Lowell T. Harmison, Ph.D.
Senior Executive Adviser
I am honored to be here and see so many colleagues and other
distinguished guests at this symposium. We are grateful for
this excellent location here at the Tokyo-American Club in
the very heart of the Japanese capital?where the motto is?gthe
place where Tokyo intersects.h It is the hub of international
activity and we shall add to this fine tradition today.
I am delighted to add my welcome to each of you and to open
this first Dendritic Cell Vaccine International Cancer Vaccine
Symposium. The Hasumi International Research Foundation is
indebted to the stellar group of speakers we have here. I
want to note that meetings do not happen without great commitment
and sacrifice on the part of the individuals participating
in terms of their research and the amount of time it takes
to travel. Also, I want to express deep appreciation to Dr.
Hasumi and the Foundation for sponsoring and making possible
this opportunity to come together and address the many scientific
questions related to understanding and advancing Dendritic
We all know too well the incredible toll that cancer places
on individuals, families and society. To open this symposium,
I would like to make four points concerning cancer and give
a brief introductory statement.
My first point is that cancer is more than just a disease.
It has been described in the history of medicine since the
earliest medical records were kept. What has grown up around
efforts to solve this five thousand year old-plus mystery
is nothing short of a remarkable monument of achievement to
science and society. This global cancer monument of achievement
blends together the confluence of patent and family expectations,
history, science, philosophy and different cultures around
the world. All of these interests are working in a synergistic
way to reduce the burden of cancer. Clear and indisputable
progress has been made in cancer diagnosis and treatment.
But, this progress is not without limitations at the patient
level. It has brought us several dilemmas.
My second point concerns these dilemmas. The first dilemma
involves the gaps between true knowledge and ignorance about
cancer. This dilemma often puts us on a path that takes us
on many illuminated but blind alleys of research and clinical
trials. This is not bad. It is a part of the reality that
confronts scientists and clinicians alike in unraveling the
unknown. It is a part of defining information pieces that
fit and/or do not fit in coming to the knowledge base and
tools to reduce the burden of cancer. The second gap is between
the knowhow and capacity of science and medicine in Medical
Centers and what is actually available to diagnose, treat
and reduce the burden of cancer in the community at the treatment
level. This gap poses a constant struggle between an assessment
of what works, might work and/or has the promise to impact
quality of life and health outcomes.
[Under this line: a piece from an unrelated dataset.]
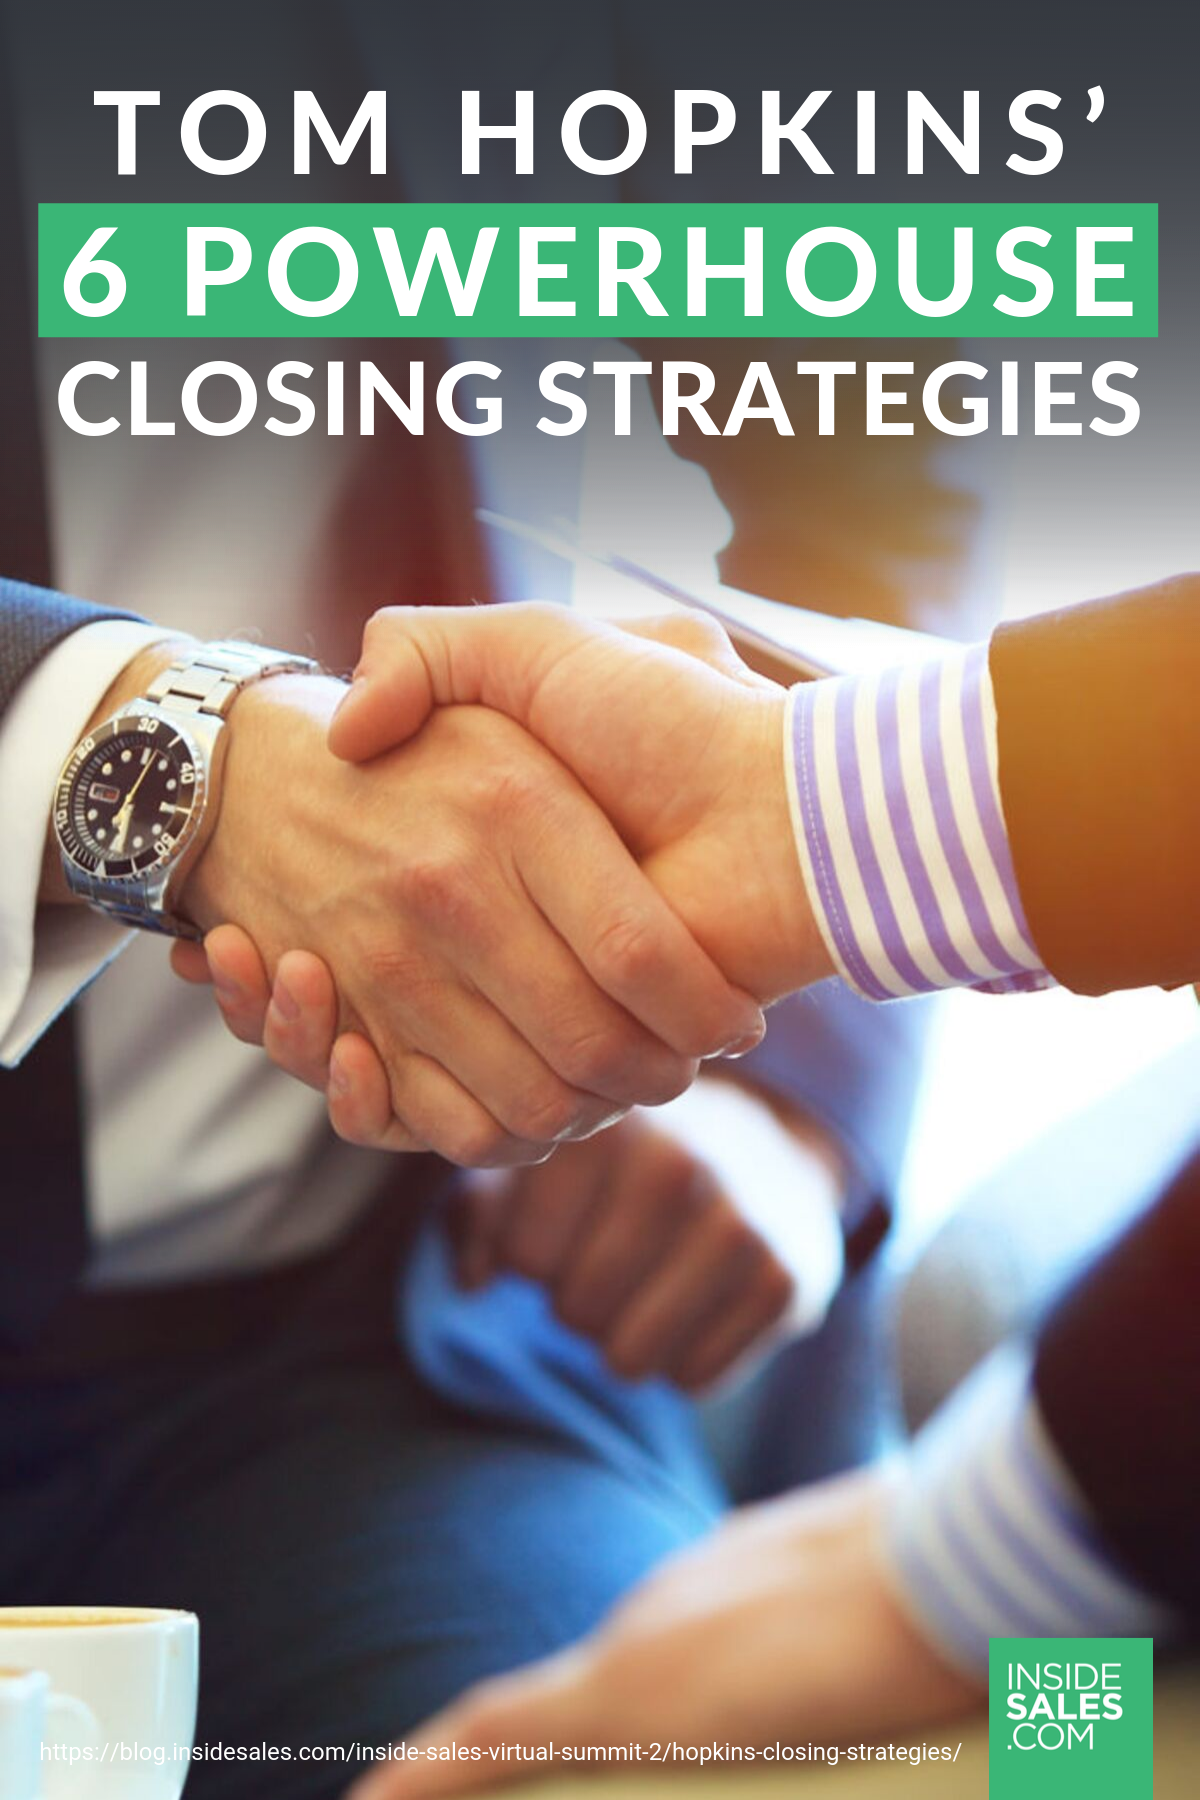 Tom Hopkins’ 6 Powerhouse Closing Strategies https://resources.insidesales.com/blog/inside-sales-virtual-summit-2/hopkins-closing-strategies/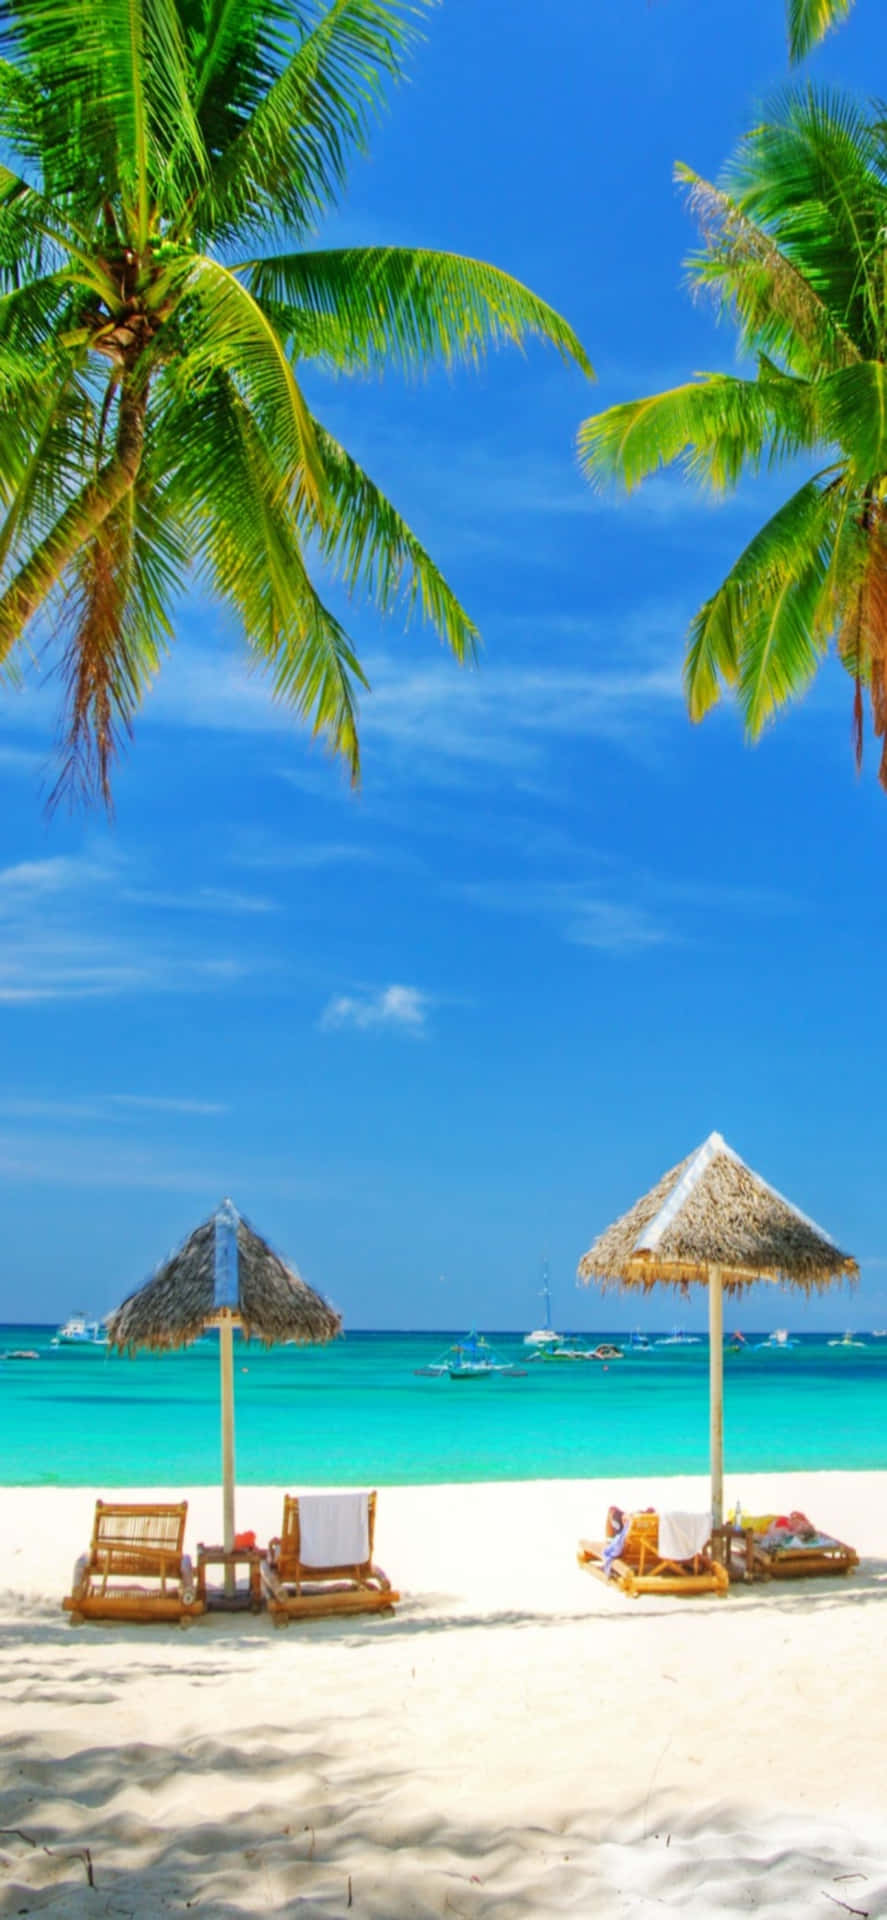 Download Serene Iphone X Wallpaper Featuring A Stunning Beach View ...

The work on filling in
these two gaps to bridge aspirations is an overwhelming challenge
to all involved in this global cancer effort/network to defeat
and make cancer an uncommon, treatable disease.
This brings me to my third point. What is the needed stimulus
for advancement? As we know, all medical capacities must come
together in the diagnosis and treatment of the patient. Cancer,
in most of its forms, and other diseases do not comply with
the dictums and principles of just one professional discipline
such as oncology. Treatments over time have demonstrated that
we must also go beyond looking at a given drug and its response;
we must understand and develop insights into the pathogenesis,
immunological factors and immune system of the individual
The medical and scientific communities were jolted and given
a powerful stimulant by HIV/AIDS in 1981. To illustrate, in
the last twenty years, the HIV stimulus has put in perspective
the strength of any notions that successful vaccines and therapies
could be rapidly developed. Here we are on another World AIDS
Day (December 1, 2001) with over 40 million people HIV positive
worldwide and a rapidly growing epidemic. It is a sobering
reminder of the limitations of our knowledge of the immune
system and its responses to different stimuli. Nevertheless,
this reality check has given us some enormous progress toward
understanding these immune mechanisms.
Now, my fourth point is about innovation and thinking outside
the box of conventional thinking. It is time, in fact it is
past the time to be innovative and to get novel, imaginative
and creative concerning improved cancer treatments. The basis
of my statement rests on cancer survival and true outcomes.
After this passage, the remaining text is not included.